Panellists in yesterday’s International Information Sharing: Treaties, TIEAs, and Joint Audits session at the Tax Executives Institute’s annual conference in San Franciscoexplained that joint efforts to enhance sharing of tax information should not be seen as a negative for taxpayers.
“There is going to be an increase in compliance as authorities get used to swapping information but once this becomes the norm, then it will generate a great deal of benefits over time for companies and tax authorities,” said Terrance McAuley, assistant commissioner, compliance programs, Canada Revenue Agency.
The panel concluded that the main benefit would be the removal of unnecessary tax investigations.
And with organisations such as the OECD, European Commission, the countries of the Joint International Tax Shelter Information Centre and national tax administrations all working together, the panel explained that with increased information exchange, officials would be able to use their time better and only target companies that are violating tax laws.

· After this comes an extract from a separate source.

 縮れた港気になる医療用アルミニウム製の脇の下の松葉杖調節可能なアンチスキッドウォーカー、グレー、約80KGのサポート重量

“There is a suspicion among revenue departments that every business move is done for tax purposes,” said Mary Bennett, Baker & McKenzie, Washington, DC, who has just stepped down as head of the OECD’s tax treaties and transfer pricing unit. “But if tax authorities share more information then they will soon realise that all is above board and so there is no need to bother taxpayers.”
Judith Knott, director of business taxes at HM Revenue and Customs in the UK, said the amount of commitment shown by governments and tax authorities is something to be proud of.

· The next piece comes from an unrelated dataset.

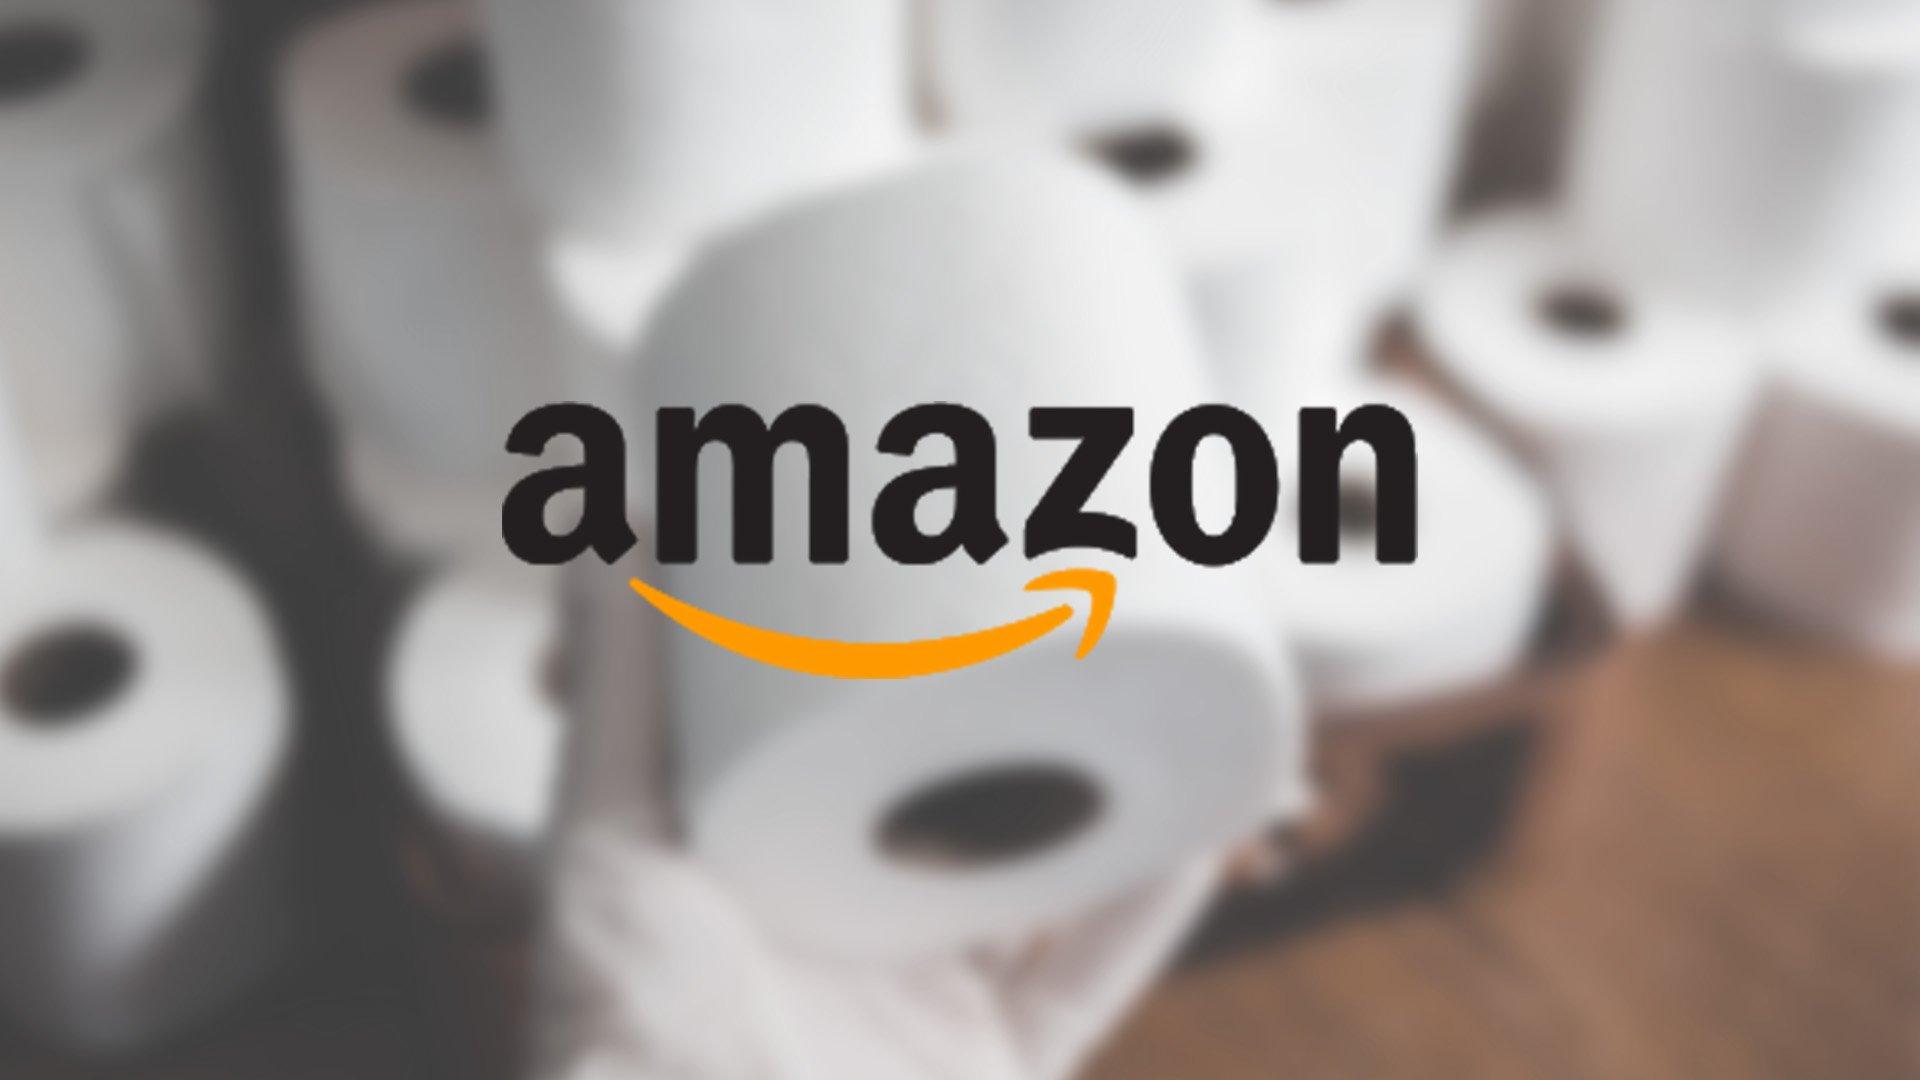 Amazon : des hausses de prix pendant la pandémie pointées du doigt

“With information exchange being high on the agenda of tax authorities around the world, this is forcing interested parties to come up with innovative ways to improve information exchange,” said Knott.

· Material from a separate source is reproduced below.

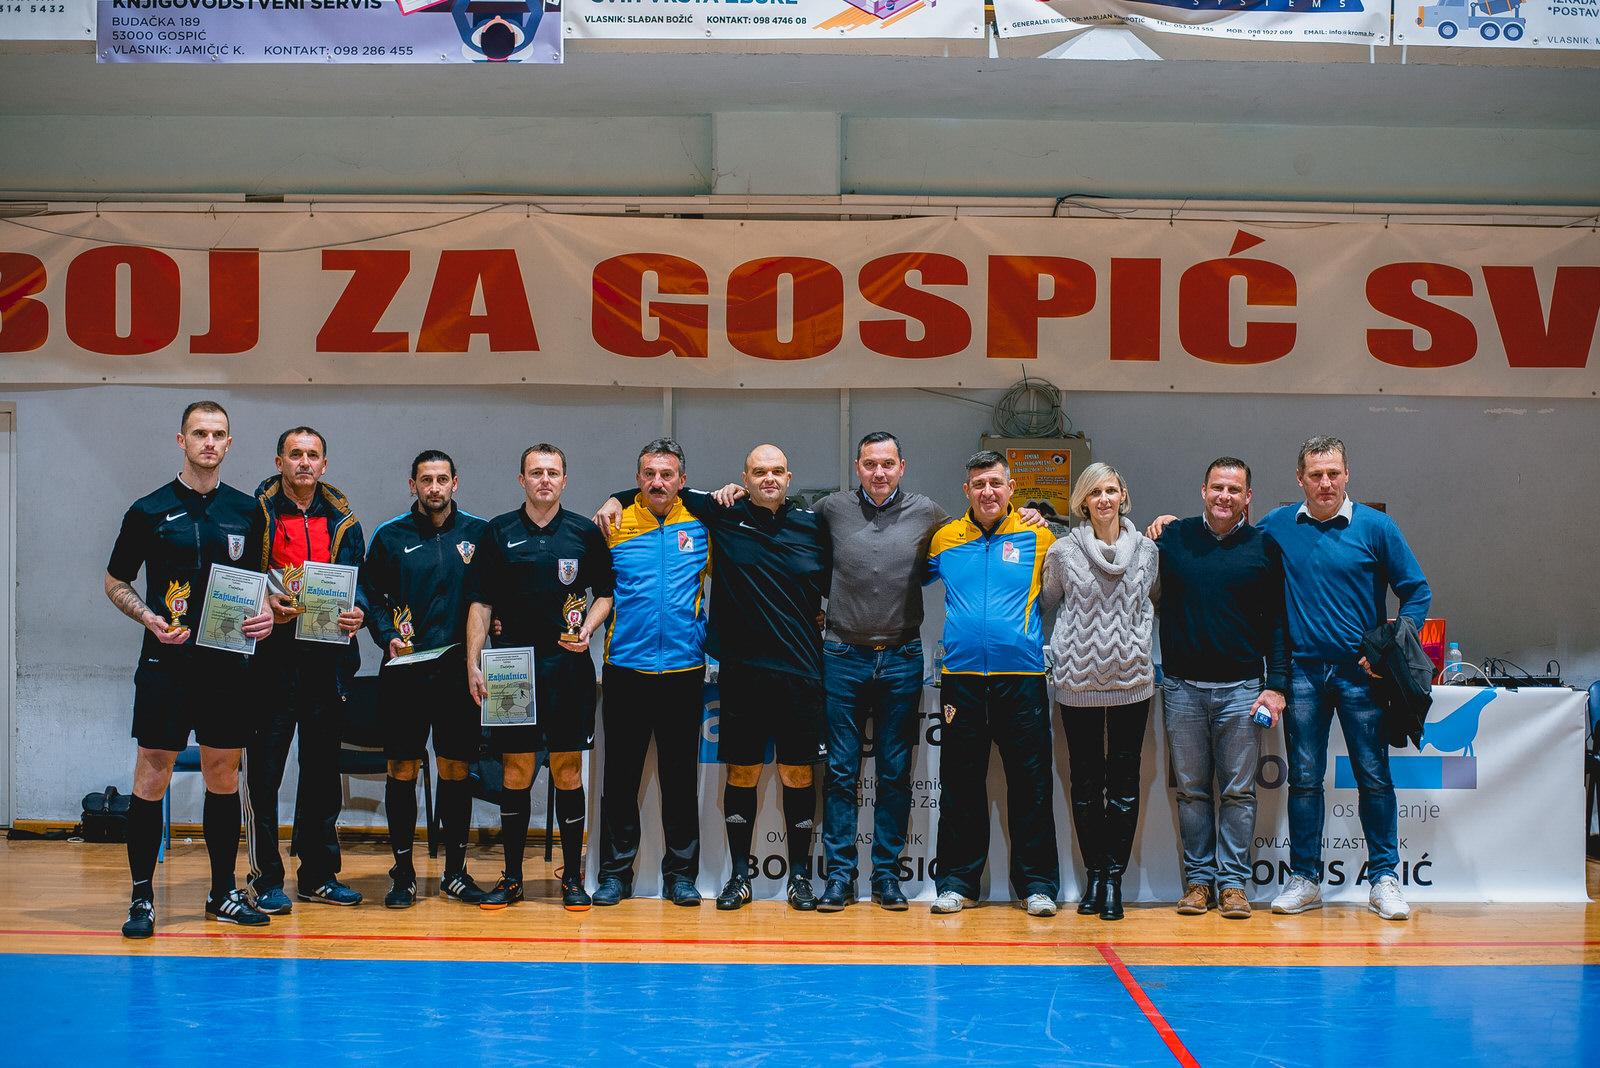 likaclub_gospić_zimski-malonogometni-turnir-2018-19-118

However, Knott did warn that it might be a little while before the benefits to taxpayers become obvious.
“Tax authorities are under pressure to do more with fewer resources so we find it hard to dedicate time and effort into this but it is definitely something we will soon be dedicating more resources too,” said Knott.
The panel raised the issue of confidentiality of exchanging tax information.
“The key thing for any tax department is maintaining confidentiality,” said McAuley. “We focus on the destination of the tax information, this is a big thing for us. Taxpayers should be secure in knowing that privacy is key when swapping information.”
This news comes as the OECD confirmed last week that international efforts to clamp down on tax evasion have drawn in €14 billion ($19 billion) from would-be tax evaders.